Kala liburan di desa berketepatan dengan musim panen, sering anak-anak ikut dengan para ibu dari desa menuai padi menggunakan "etem" (ani-ani) atau ada yang menyebutnya dengan ketam, alat pemotong padi tradisional yang digenggam ditangan. Ani-ani ini merupakan pisau kecil bertangkai bambu yang diselipkan dicelah tangan antara jari manis dan jari tengah. Waktu menggunakannya kedua jari yaitu jari tengah dan telunjuk digerakkan untuk meraih batang padi dan ibu jari menekannya pada mata pisau pada ani-ani untuk memotongnya.
Dengan ani-ani ini tangkai bulir padi dipotong satu-satu, meskipun banyak memakan pekerjaan dan waktu tetapi bagi ibu-ibu bahkan orang yang melihat merupakan keasikan tersendiri pada masa itu. Selain itu ada keuntungannya, karena dipotong satu-satu maka bulir padi yang dipotong dipilih yang sudah masak. Dengan demikian bulir padi yang belum masak tidak terpotong dapat ditunggu hingga masakat Sunda di daerah Jawa Barat. Berbeda dengan sekarang memotong padi menggunakan arit atau celurit, semua bulir padi baik yang masak maupun yang muda habis terpotong.
Ada kepercayaan dalam masyarakat Sunda di daerah Jawa Barat. Masyarakat percaya bahwa padi merupakan perwujudan dewi padi yang disebut Nyai Pohaci Sanghiyang Sri yang berjiwa halus dan lembut. Karena itu harus diperlakukan dengan hormat dan santun tidak boleh dibabat secara kasar. Acara memotong padipun dilakukan dalam acara yang disebut "Seren Taun" Ani-ani atau ketam adalah sebuah pisau kecil yang dipakai untuk memanen padi. Dengan ani-ani tangkai bulir padi dipotong satu-satu, sehingga proses ini memakan banyak pekerjaan dan waktu, namun keuntungannya ialah, berbeda dengan penggunaan sebuah clurit atau arit, tidak semua batang ikut terpotong. Dengan demikian, bulir yang belum masak tidak ikut terpotong.
Ibu-ibu yang turun ke sawah ikut memanen padi, begitu cekatan dan terampil menggunakan alat pemotong padi tradisional. Tangan-tangan mereka dengan cepat menggerakkan "ani-ani" menggunakan alat itu mengiris batang padi. Hasil panen yang dikumpulkan, kemudian diserahkan kepada pemilik sawah, dan hasilnya dibagi oleh pemilik sawah sedangkan penuai mendapat bagian bagi hasil tuaiannya. Ini merupakan hak penuai yang bisa dibawa pulang sehingga tersedia bahan makanan di rumah tangga. Sepulang dari menuai padi ini sering pula ibu-ibu ini membawa pulang sayuran seperti kacang Panjang atau kecipir yang ditanam sepanjang pematang sawah untuk dijadikan sayur di rumah.

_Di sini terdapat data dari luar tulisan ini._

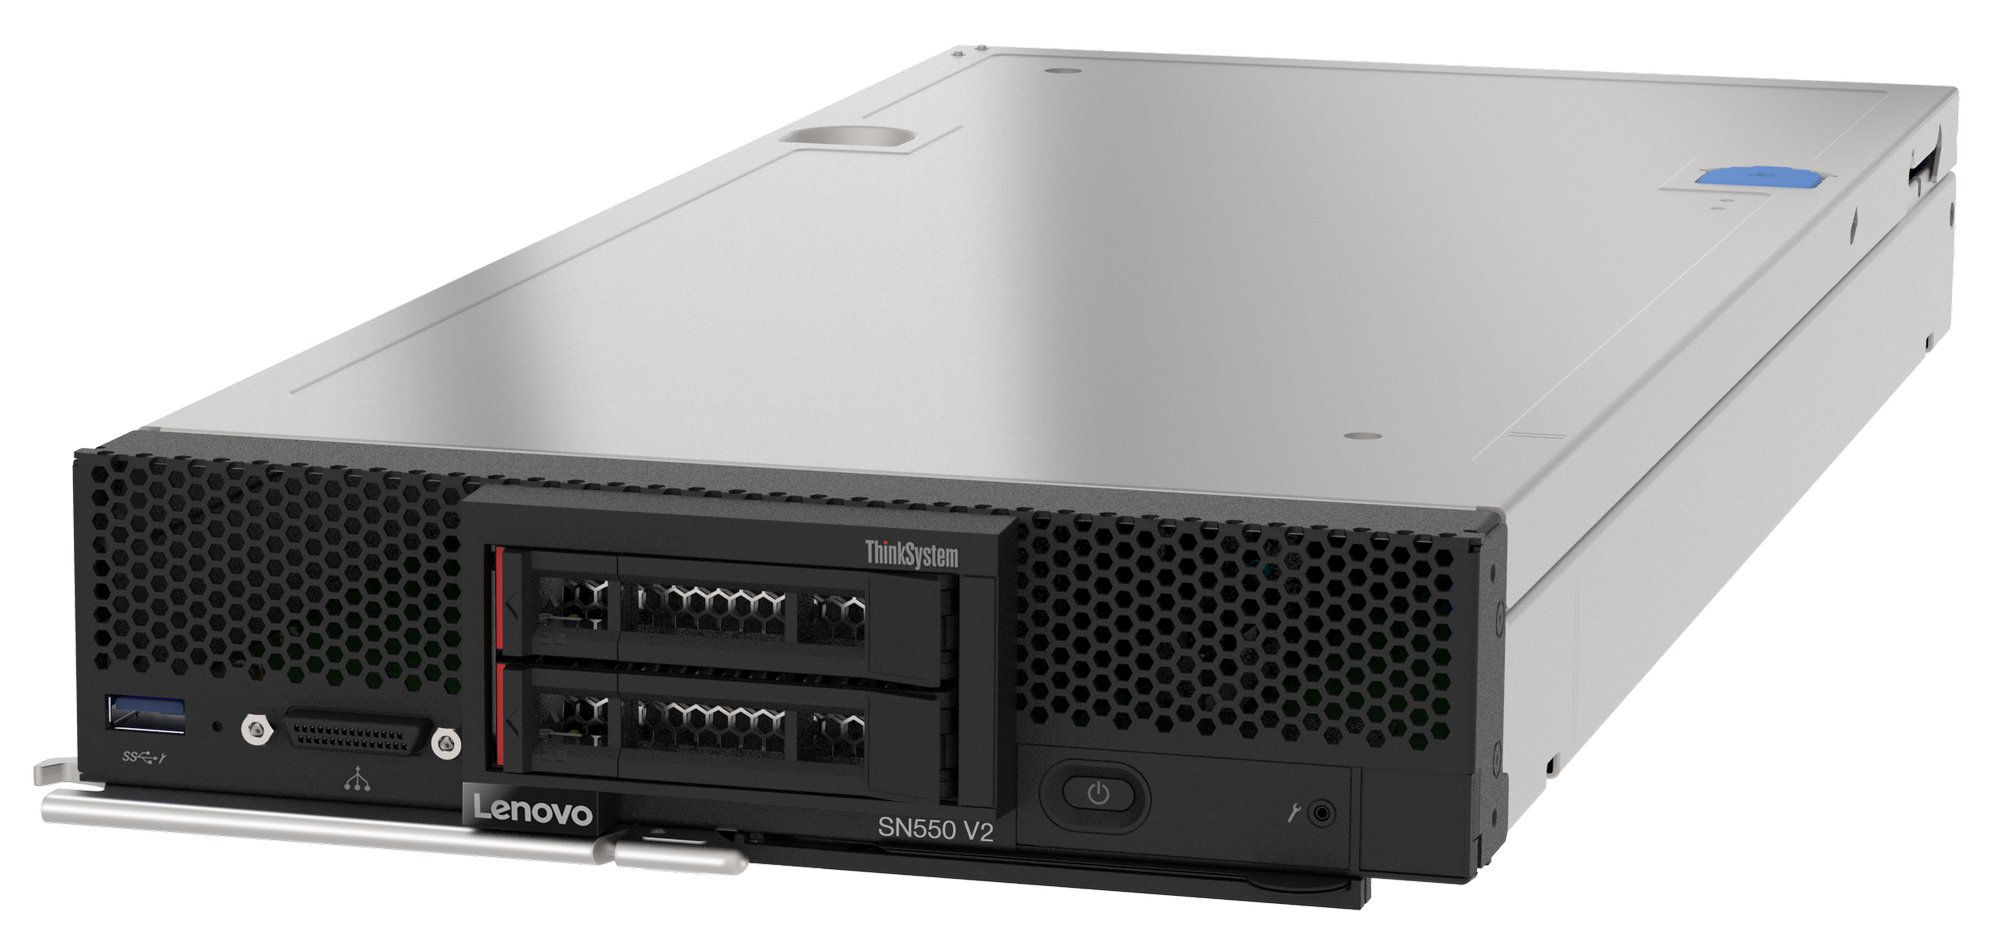 Lenovo ThinkSystem SN550 V2 server

Sistem sosial ini, nampaknya mendukung ketahan pangan dalam rumah tangga (Household food security). Di rumah ada cadangan bahan makanan, di luar rumah tersedia sumber protein, mineral dan vitamin alami yang setiap saat bisa dikonsumsi oleh anak-anak sehingga mendapat pasokan karbo hidrat, protein dan mineral yang disediakan alam sekitar. Kehidupan rukun dengan prinsip gotong royong, saling tolong menolong yang menjadi ciri khas warga desa di zaman dulu, nampaknya semakin terkikis sedikit demi sedikit di zaman serba moderen ini. Sebagian besar tergantikan oleh kegiatan berbasis bisnis yang dinilai dengan uang.